Task material:
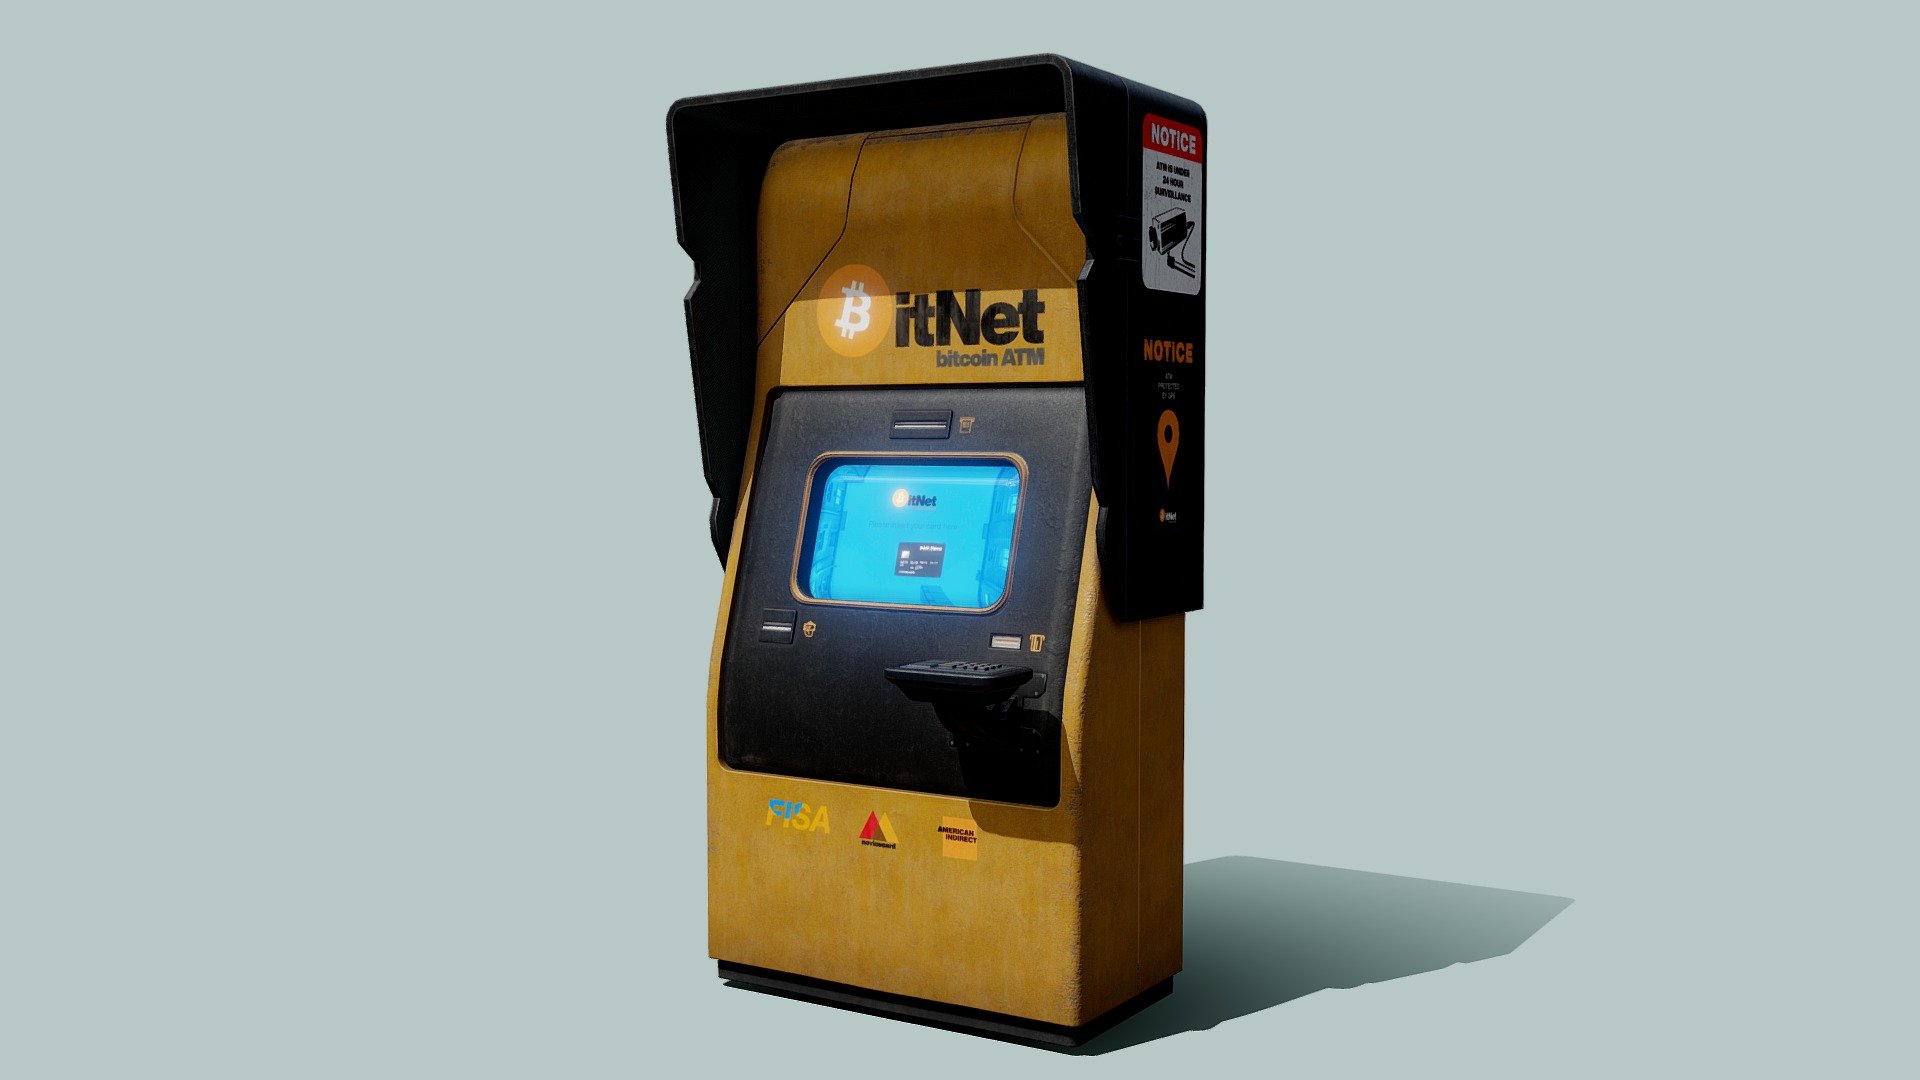 3D ATM low poly model
4K PBR Textures.

8603 Tris 
4118 Polygons

You can also replace the screen texture with an animated version.
Animated Textures:
https://drive.google.com/drive/folders/1qltThfxrhcYfWV4cBHPPmlxHC8N6FEKr?usp=sharing - ATM Slightly Damaged Version - 3D model by vertexmonster 3d model

What is being asked: Restate exactly, and only, every line from the one that contains "4118 Polygons" through the last line of the records.

Answer to this task:
4118 Polygons

You can also replace the screen texture with an animated version.
Animated Textures:
https://drive.google.com/drive/folders/1qltThfxrhcYfWV4cBHPPmlxHC8N6FEKr?usp=sharing - ATM Slightly Damaged Version - 3D model by vertexmonster 3d model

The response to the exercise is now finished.